Bacterial endocarditis (BE) is an infection of the valves and inner lining of the heart (called the endocardium). It happens when bacteria from the skin, mouth, intestines, or urinary tract enter the bloodstream (usually during a dental or medical procedure) and infect the heart.
Causes & Risk Factors
Who gets bacterial endocarditis?
Although BE can occur in anyone, people who already have a diagnosed heart valve problem, an artificial valve or a heart defect are at greatest risk. Having a heart murmur sometimes increases the chances of getting BE. Your doctor can usually determine whether you have a type of heart murmur that increases your risk of BE.

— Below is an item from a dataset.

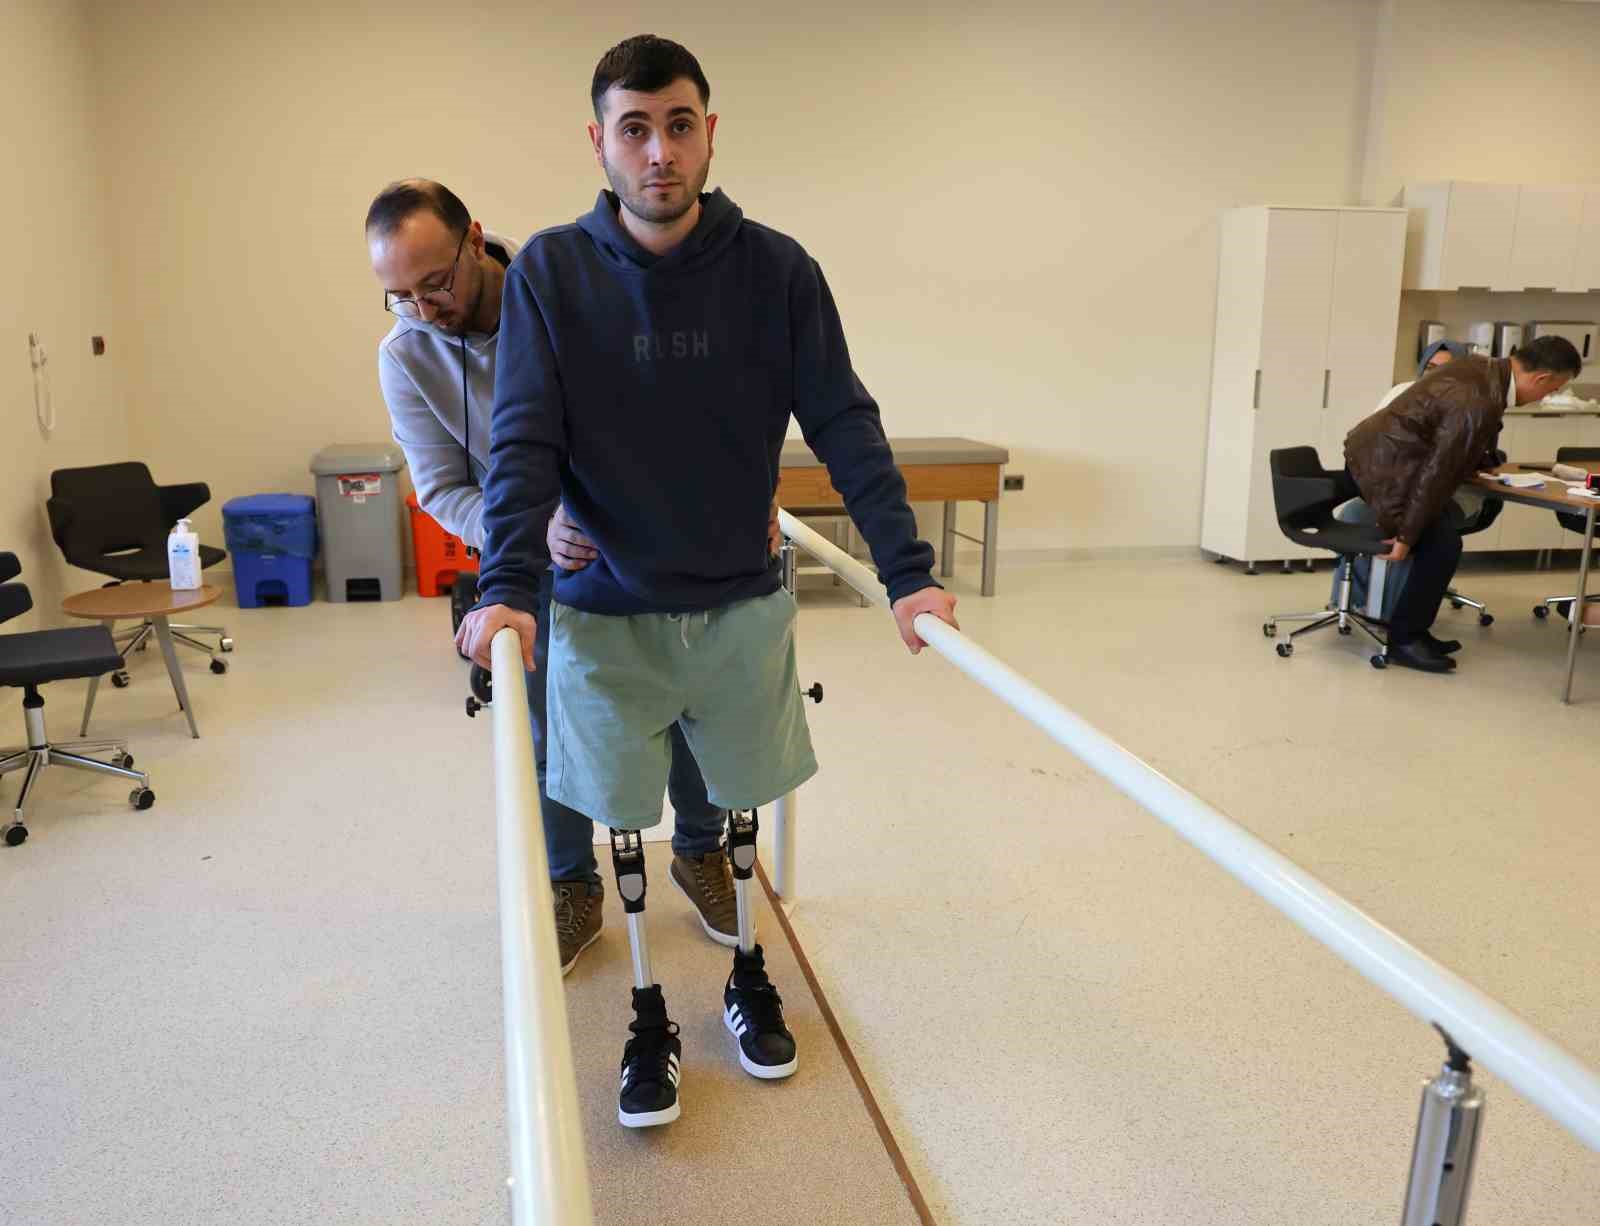 Enkazdan 116 saat sonra kurtulan Alperen, 10 ay sonra protez bacaklarına kavuştu

Who is at risk for bacterial endocarditis?
Several things increase the chance of getting bacterial endocarditis. They include:
- IV (intravenous) drug use
- Artificial heart valve replacement
- Hemodialysis for kidney failure
- Weak immune system
- Heart valve disease, such as leaking or narrowed valve
- Rheumatic heart disease caused by strep bacteria
- Poor dental hygiene
- Heart disease present at birth (congenital)
- Past bout of endocarditis
- Heart transplant with a leaky heart valve
- Artificial heart valves or valve repair
Do medical and dental procedures increase the risk of BE?
If you have a heart defect or valve problem, dental work (including professional teeth cleaning) and some medical procedures (such as colonoscopy, cystoscopy, and sigmoidoscopy) can increase the risk of bacteria entering the bloodstream.
Diagnosis & Tests
How can you tell if you have BE?
Fever, chills, and other flu-like symptoms may be the only signs of BE. Other symptoms are unexplained weight loss and weakness. Your doctor may suspect you have to BE if he or she hears abnormal heart sounds with a stethoscope. Your doctor will then need to do more tests, such as blood tests and echocardiography (looking at the heart by using ultrasound) to find out if you have BE.
Treatment & Medication
How is BE treated ?
BE is treated with antibiotics. Antibiotics are usually started intravenously (through an IV) in the hospital, but many people can finish their treatment at home. For more complicated infections, heart surgery may be needed.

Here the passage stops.